2. Domain-Specific Performance Variations: Models demonstrated significantly better performance in formal sciences (exhibiting lower factual hallucination rates), indicating stronger capabilities in logic and symbolic reasoning tasks. Conversely, fidelity hallucinations were lowest in applied sciences but markedly higher in formal sciences and humanities, suggesting domain-dependent consistency patterns.
3. Parameter Scale Effects: Systematic comparison of seven models from the same open-source series revealed an inverse correlation between parameter count and hallucination rates. This finding has direct implications for deployment decisions, as larger models demonstrate measurably improved reliability at the cost of computational resources.
4. Knowledge Distillation Trade-offs: Comparative analysis between base models and their distilled counterparts revealed that student models consistently exhibited higher fidelity hallucination rates than their teacher models. This suggests that knowledge compression processes may compromise instruction-following consistency while potentially preserving factual knowledge.
5. Reasoning Enhancement Limitations: While reasoning-enhanced models showed statistically significant reductions in hallucination rates compared to general-purpose models—particularly for factual accuracy—they did not eliminate the underlying problem. This indicates that current reasoning methodologies provide meaningful but incomplete solutions to hallucination challenges.
What This Reveals About Chinese AI Strategy
The focus on hallucinations over existential risk reveals several strategic priorities:
Practical Deployment: China wants AI systems that work reliably today, not theoretical safeguards against speculative futures.
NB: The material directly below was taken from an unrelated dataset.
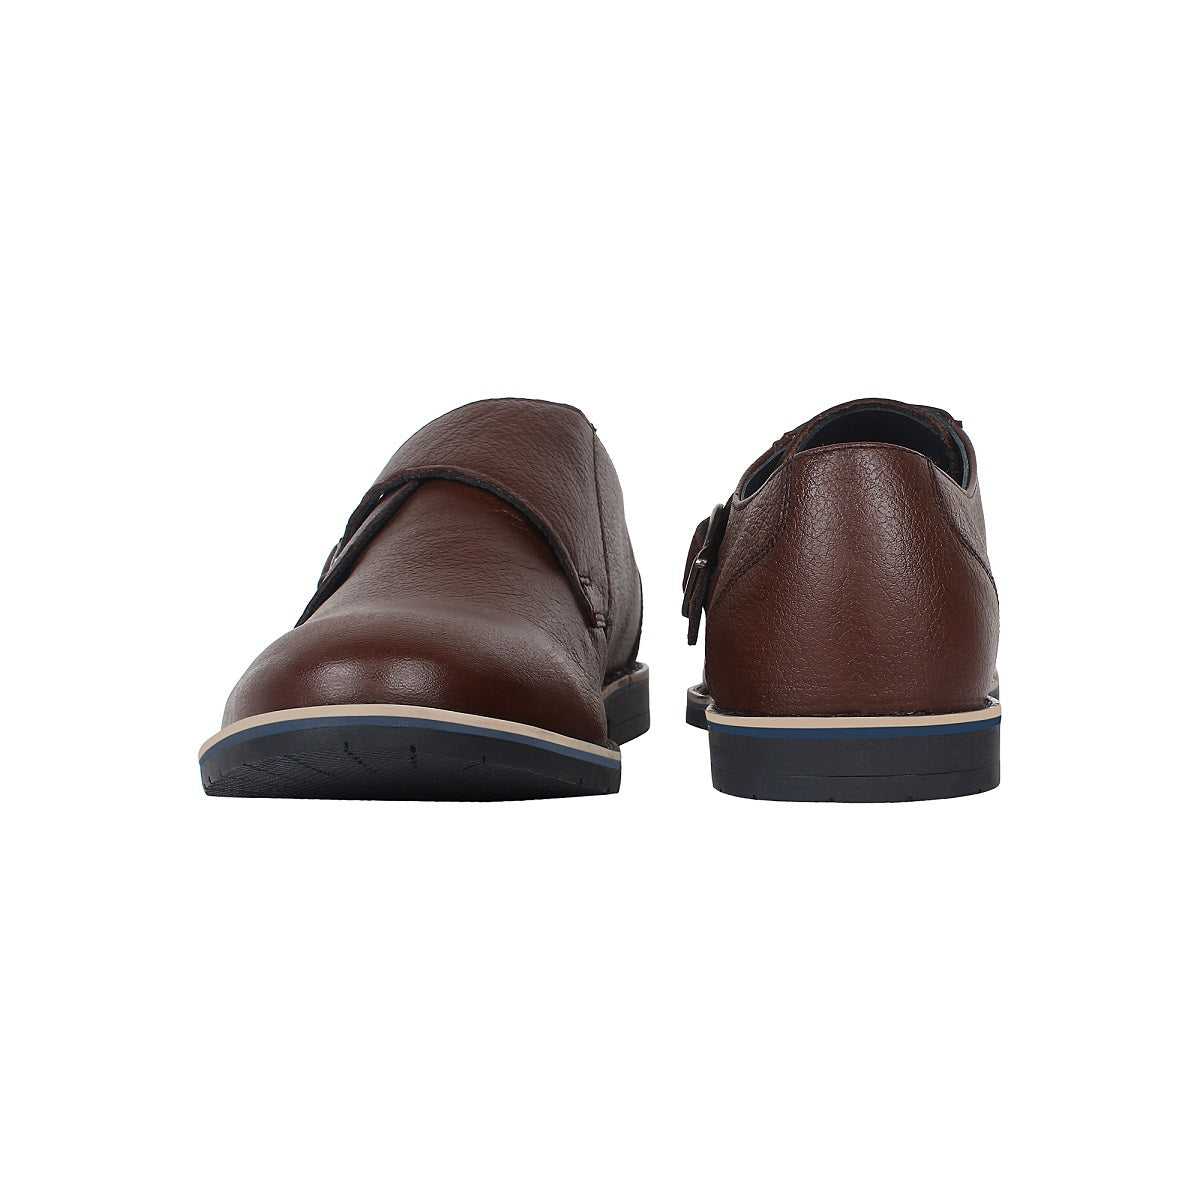 Brown Monk Strap Shoes -Defective

Economic Integration: By streamlining compliance and focusing on deployment-ready metrics, they're optimizing for AI economic integration.
Controlled Innovation: The advisor-enforcer model allows rapid innovation within clearly defined boundaries—classic Chinese tech governance.
The Road Ahead
CAICT isn't stopping at hallucinations. Their roadmap includes:
Industry-specific hallucination testing
Multimodal model evaluation methods
Automatic detection and mitigation tools
Ongoing benchmark iterations
This represents a fundamentally different bet on AI safety priorities. While Western labs pour resources into preventing AI takeover scenarios, Chinese institutions are systematically improving AI reliability for immediate applications.
The Bigger Picture
What's certain is that China isn't simply "following" Western AI safety practices, but rather building a governance framework optimized for its own strategic priorities and real-world effectiveness. While the EU Code of Practice addresses more fundamental and cutting-edge risk issues, China's current institutional advantage lies in its state-led approach to safety testing, which ensures that enterprises receive clear safety signals and follow through with testing compliance.
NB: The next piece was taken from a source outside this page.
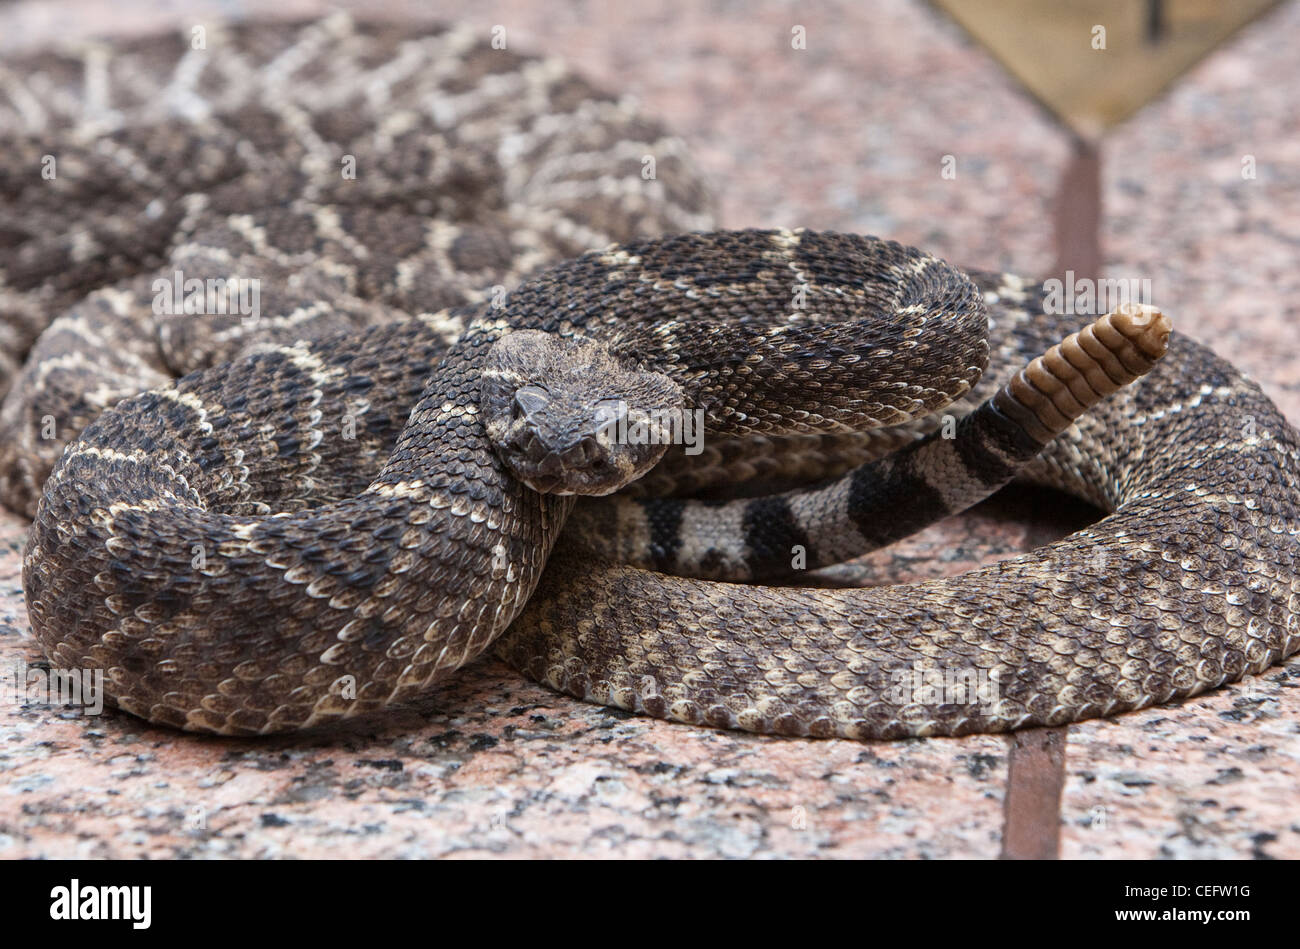 rattlesnake poisonous dangerous rattle venomous Crotalus Sistrurus predator Stock Photo

This may prove more reliable in the AI safety domain than "market-driven" safety measures. When every company must pass the same safety assessments, a baseline level of security is guaranteed across the entire ecosystem.
The Chinese government's risk aversion and preference for stability manifests as a "control first, develop second" gradualist pathway when facing emerging technologies. For example, in military applications, the Chinese military would likely deploy AI with much greater caution. This approach constitutes an alternative pathway for AI safety.